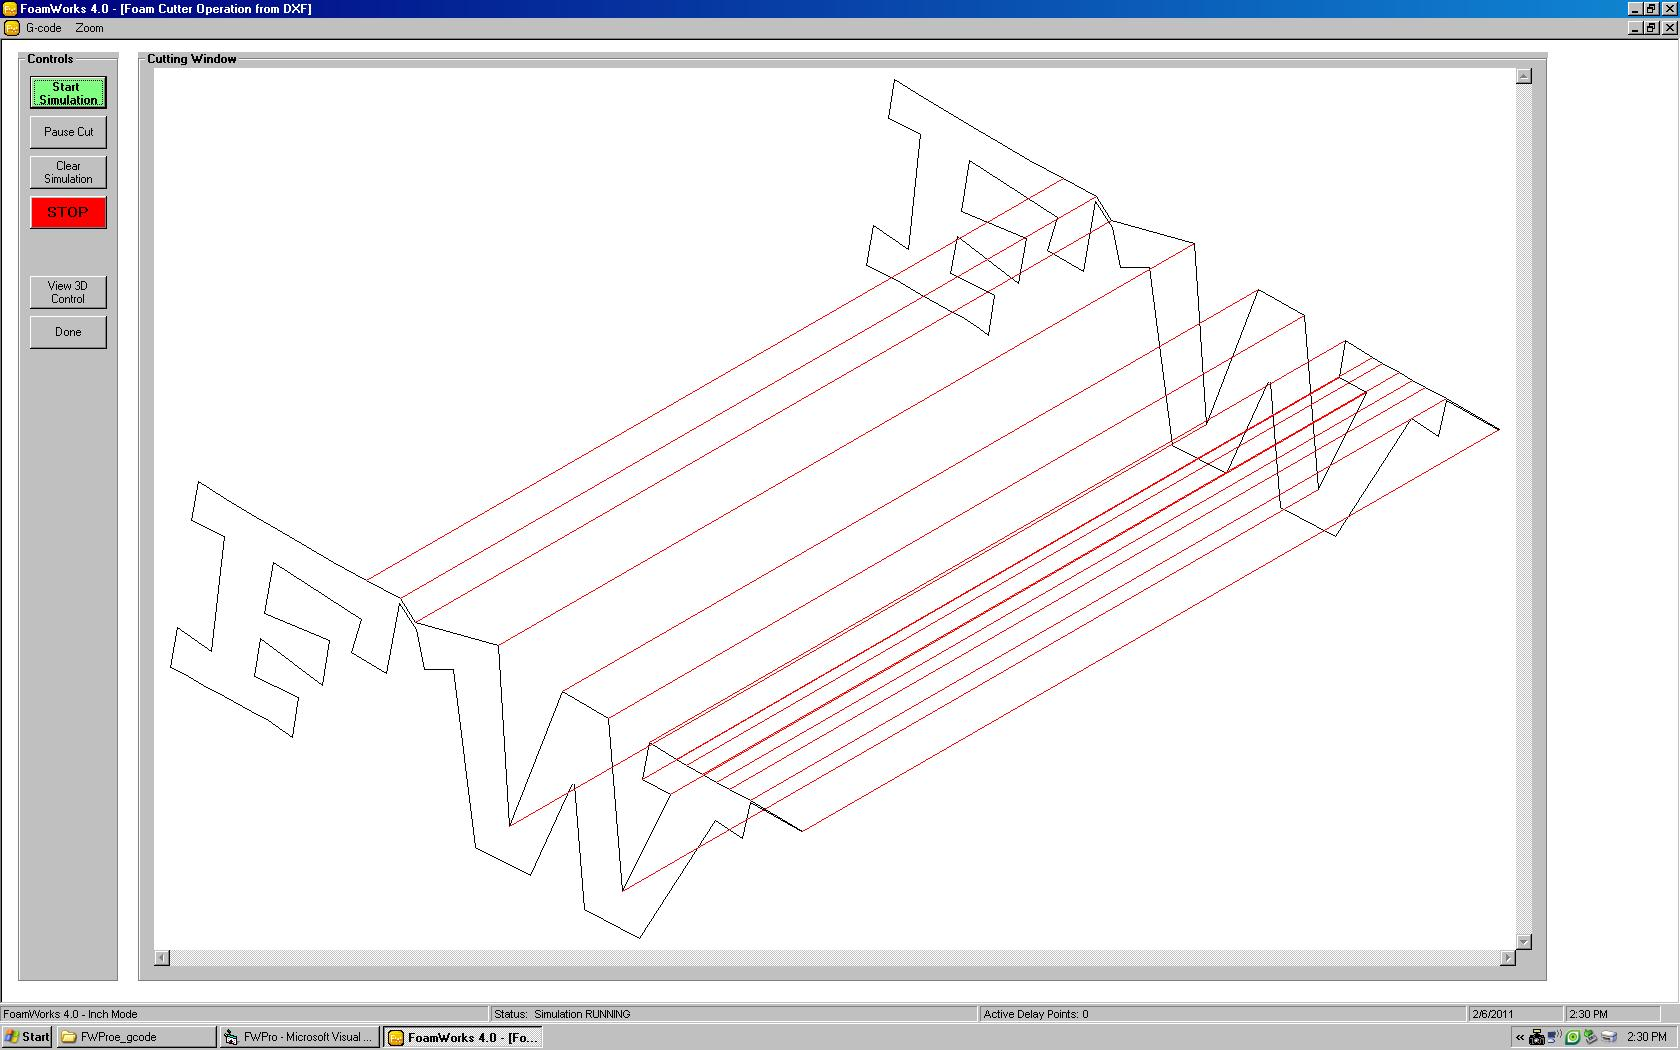 hight resolution of foamworks 4 0 cut simulation foamworks 4 0 foamworks 4 0 cut simulation hot wire foam cutter design diagram
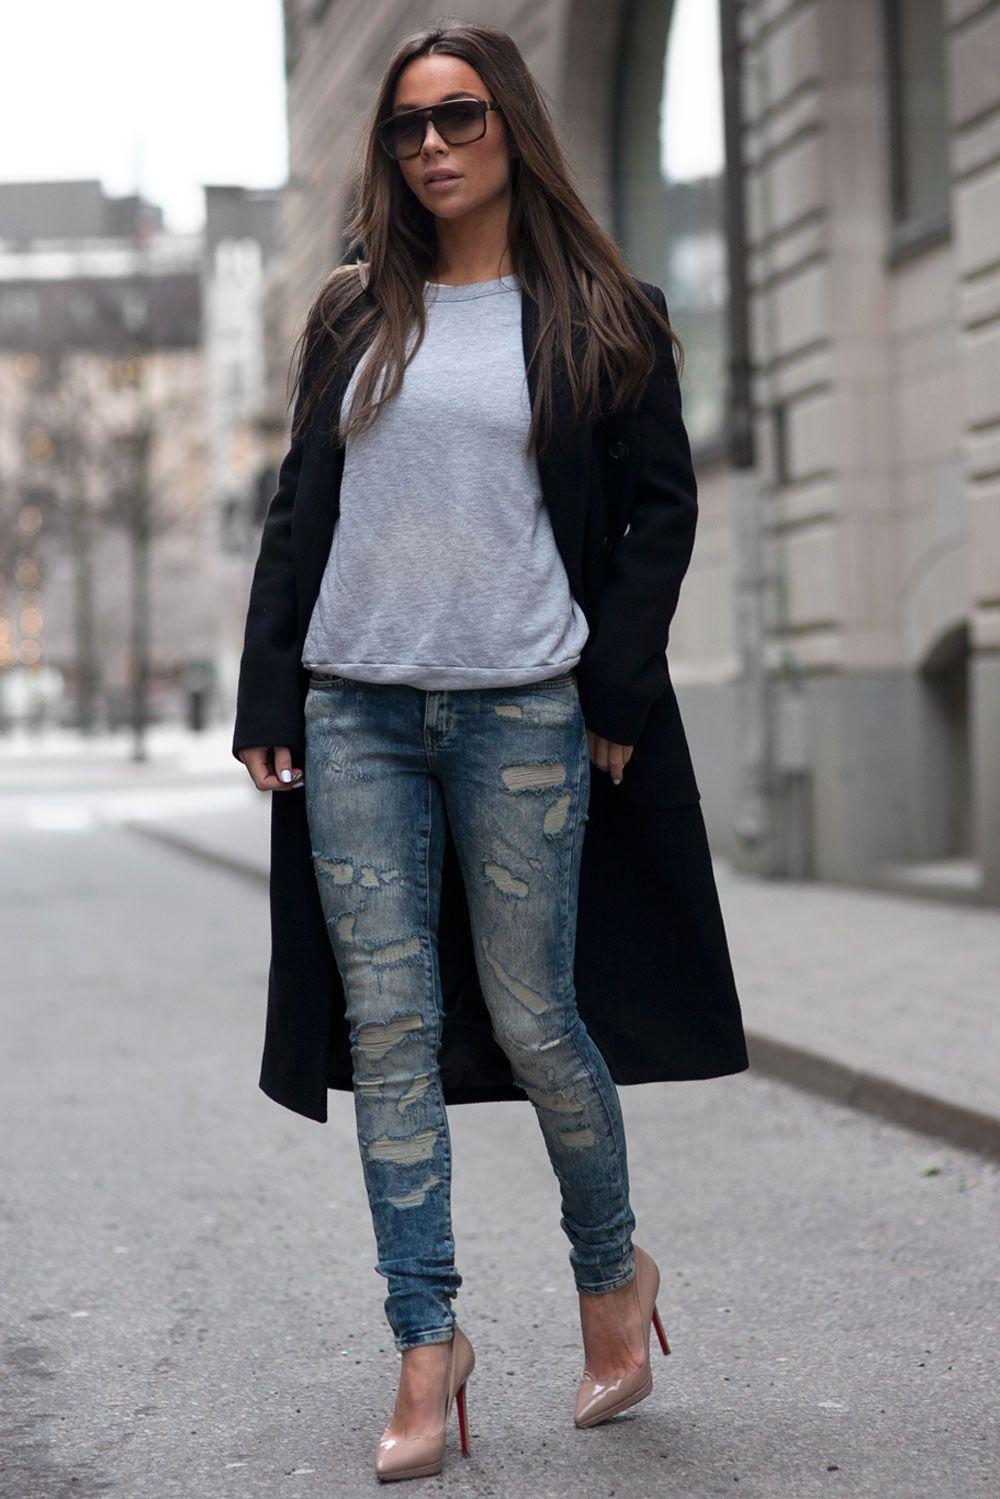 d66596223d952 Johanna Olsson swedish fashionbloger | coats | Streetwear fashion ...
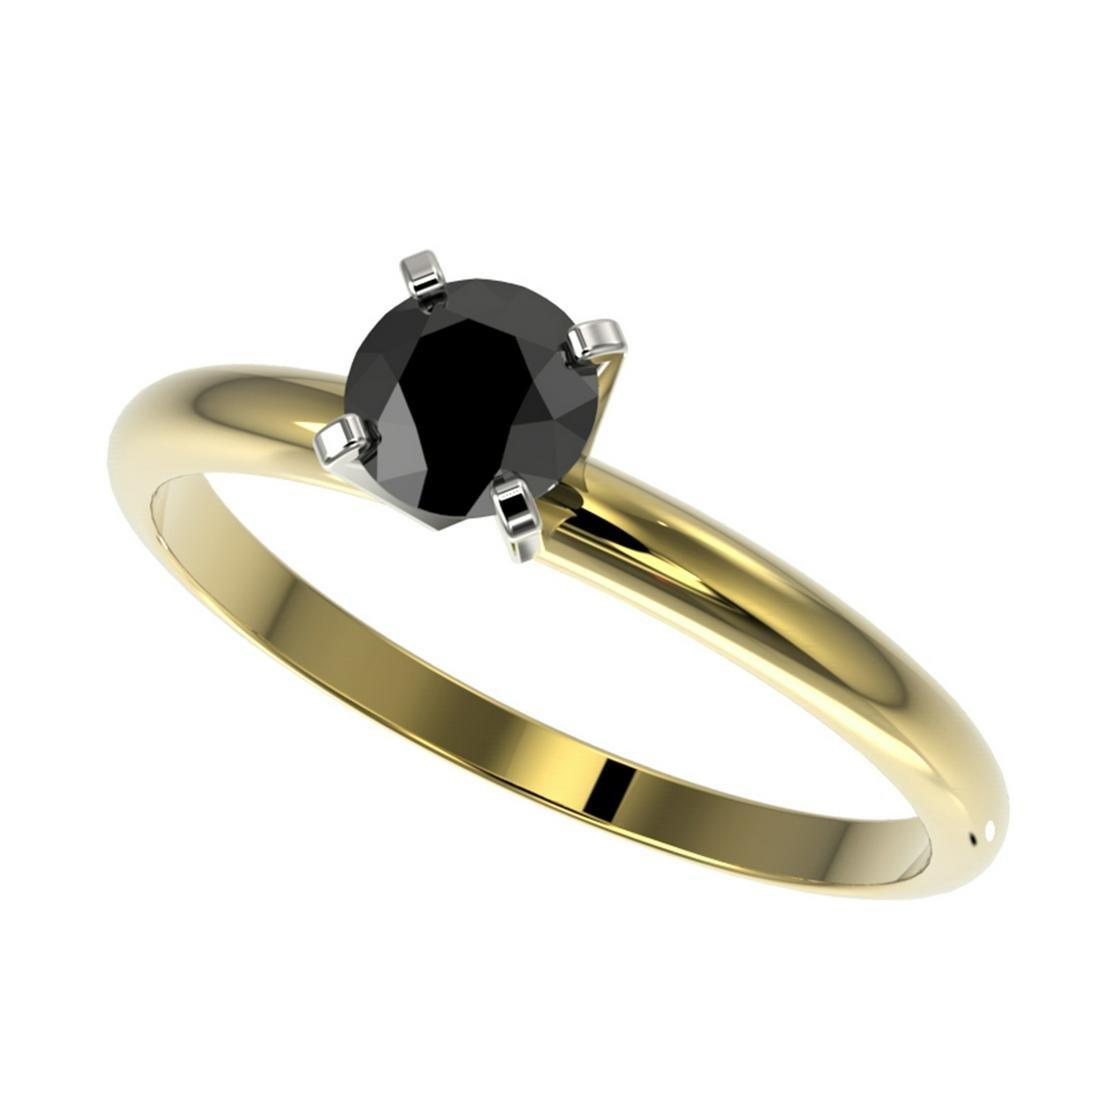 0.50 ctw Fancy Black Diamond Solitaire Ring 10K Yellow
- - - - -
Work item: Repeat the listing verbatim without its pictures.

Exercise solution:
 hight resolution of foamworks 4 0 cut simulation foamworks 4 0 foamworks 4 0 cut simulation hot wire foam cutter design diagram
 d66596223d952 Johanna Olsson swedish fashionbloger | coats | Streetwear fashion ...
 0.50 ctw Fancy Black Diamond Solitaire Ring 10K Yellow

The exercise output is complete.